DESCRIPTION (Adapted from the Applicant's Abstract): Cigarette smoking is the
leading preventable cause of death, and cancer, for all Americans. African
Americans (AAs) have one of the highest smoking rates, up to 60 percent among
the most disadvantaged subgroups. Enabling these underserved populations to
quit smoking is a national health priority. Using a nicotine inhaler can help
smokers quit; however, it has not been studied among AAs or lower SES groups.
It is critical that poor and underserved populations are not left behind as new
pharmacological aids and counseling strategies are developed. This study
comprises AA smokers residing in public housing developments (HDs) whose income
levels fall below the poverty threshold. The primary aim of this study is to
test, in combination with the nicotine inhaler, the effectiveness of a
culturally sensitive and sustained behavioral intervention (Tx) vs a culturally
sensitive dietary education program (C) on 7-day point prevalence smoking
cessation at 6 months.
The investigators will randomly assign 14 HDs (20 smokers in each HD) to either
a smoking cessation or dietary change intervention. Randomzation will occur at
the level of housing units rather than the individual, thereby minimizing
potential contamination. They project 140 smokers for C and 140 smokers for Tx,
a total of 280 participants, will be required at baseline to detect proposed
treatment effects for the primary outcome. Smokers from each HD will be
recruited through health fairs with the assistance of community health
educators (CHEs). Tx participants will receive a 8-week course of the nicotine
inhaler, two in-person counseling sessions based on Motivational Interviewing
(MI) techniques plus three MI phone calls, the Pathways to Freedom smoking
cessation guide, a video on proper inhaler use, brief cessation and relapse
prevention advice from a CHE, biochemical feedback, and a quit contract. The
comparison group will receive culturally sensitive dietary education materials
but no materials that exclusively address tobacco or tobacco-related cancers.

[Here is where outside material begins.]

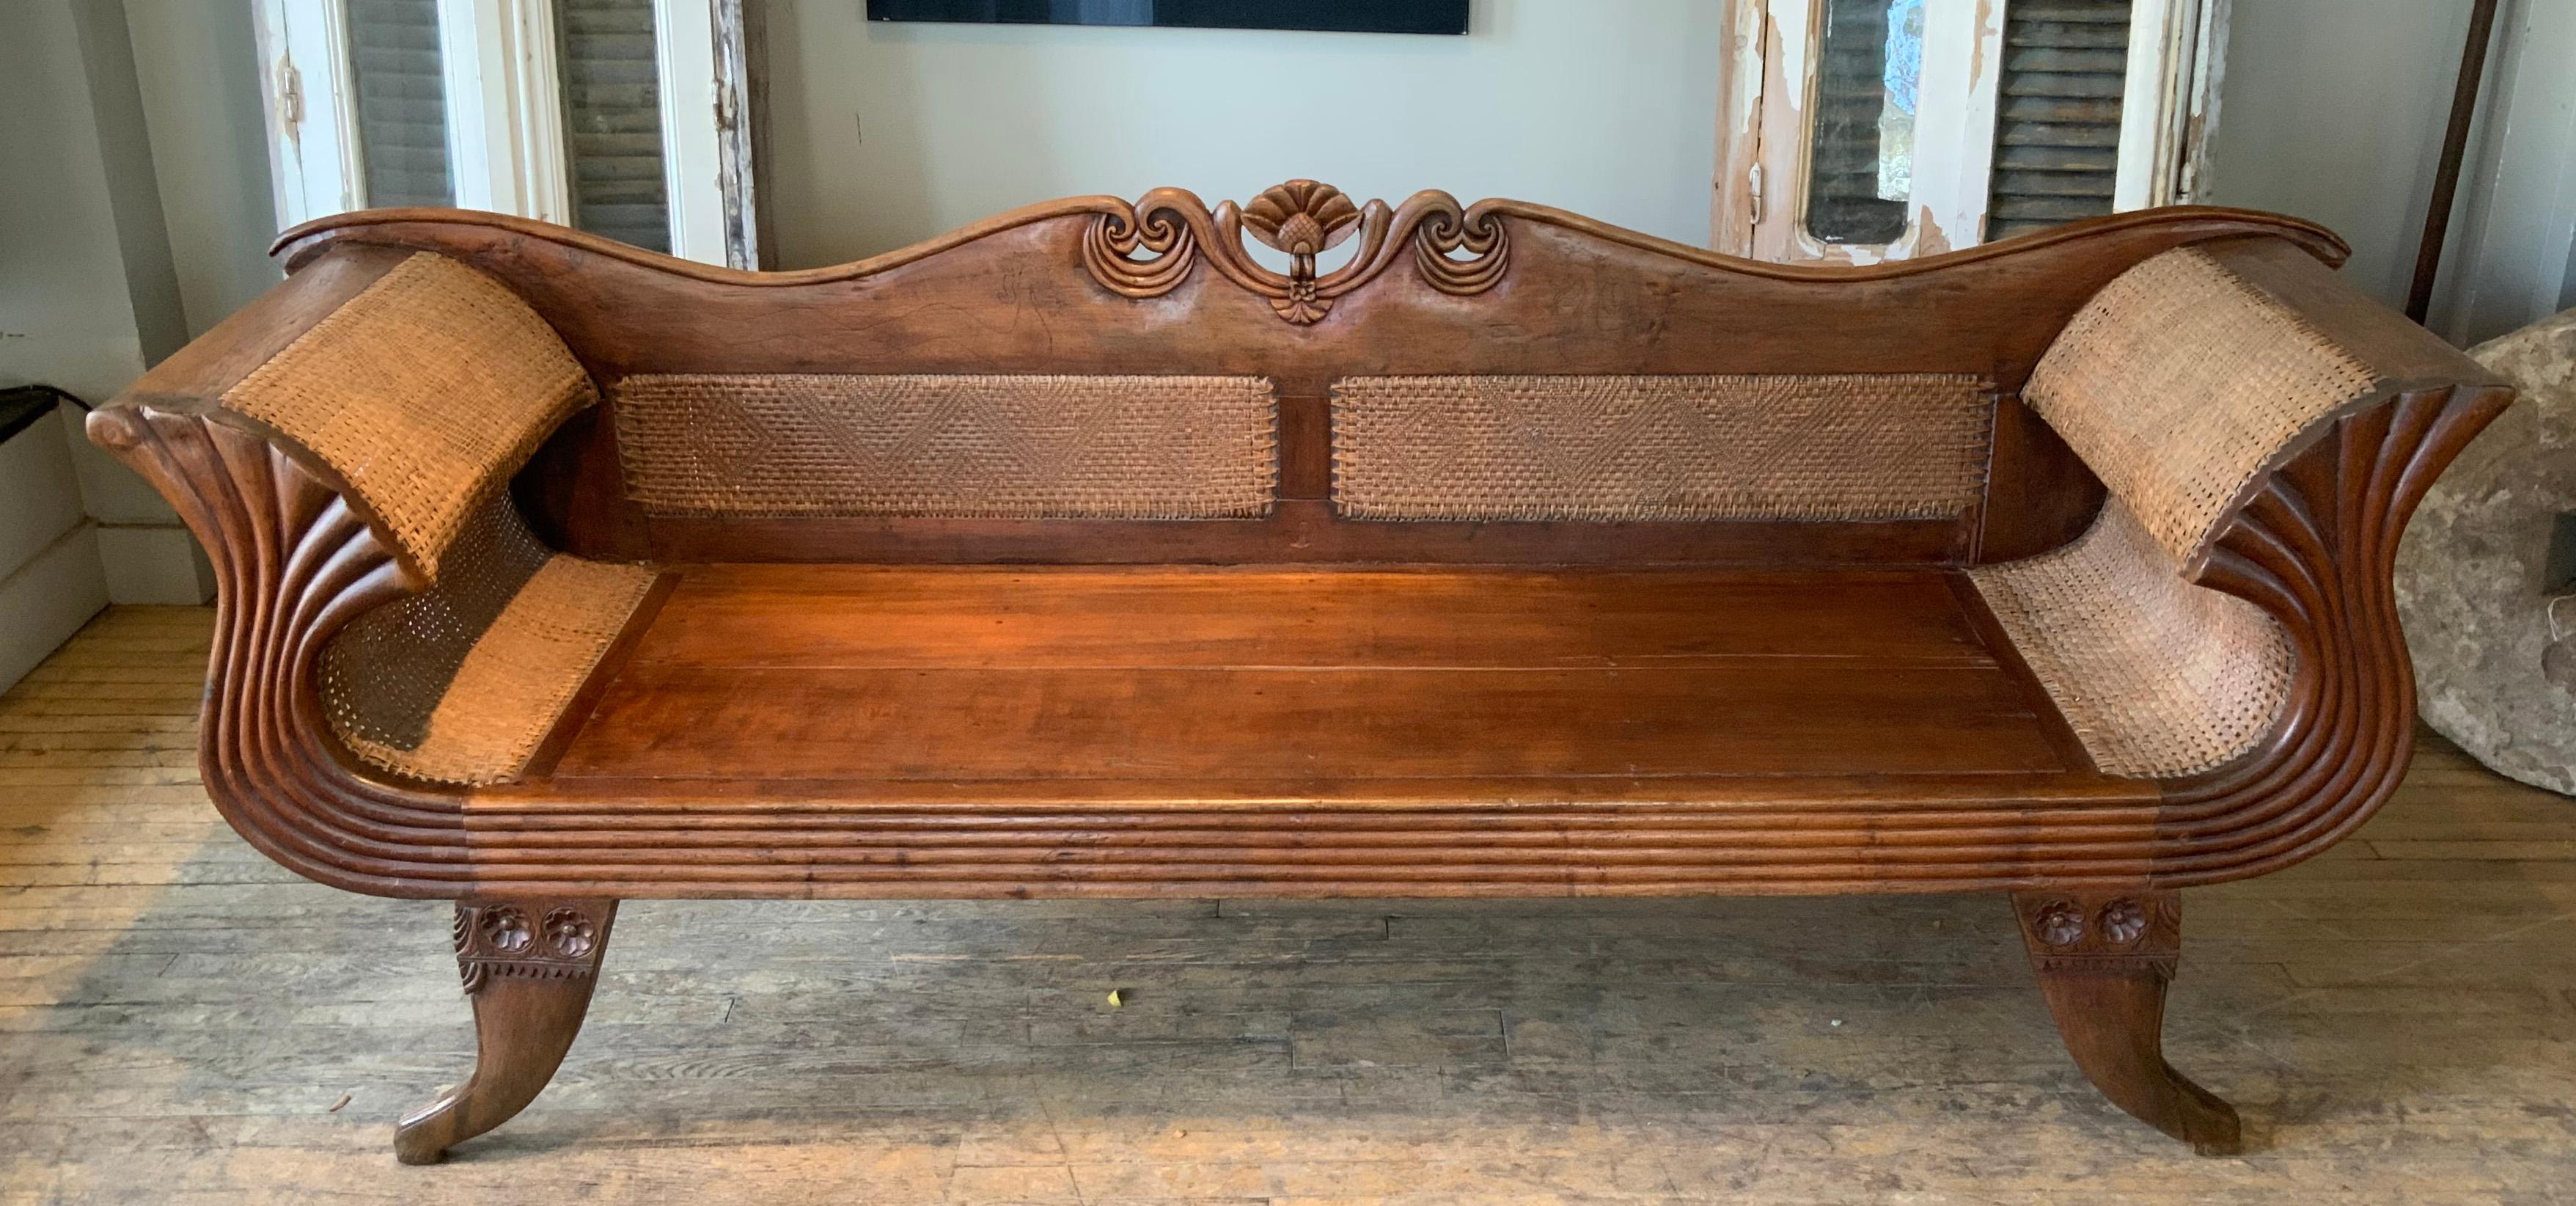 An extraordinary antique Anglo Caribbean teak and cane settee, with beautiful scrolled and curved arms, and a carved arched back. wonderful scale and details!

The study will not have a typical control arm, choosing instead to provide the
comparison group with dietary education materials rather than a placebo
nicotine inhaler. We chose this design to ensure community buy-in, to gather
further data on other cancer prevention-related behaviors and to respond to
residents' distrust of being part of a "drug" study with a placebo. Secondary
aims are to test the effects of the treatment on intermediate variables
including number of cigarettes smoked and number of quit attempts. A third aim
is to assess the impact of the dietary intervention. Process objectives will
also be studied.
Recruitment and retention will be enhanced by use of health fairs, CHEs,
incentives for completing evaluation instruments, provision of attractive
intervention materials, a community advisory board, and home visits for
follow-up. Post-intervention focus groups of quitters and non-quitters will be
conducted to assess the project's intervention components. Decreasing the
prevalence of smoking among residents in HDs will have a dramatic influence on
the morbidity and mortality of this high-risk population.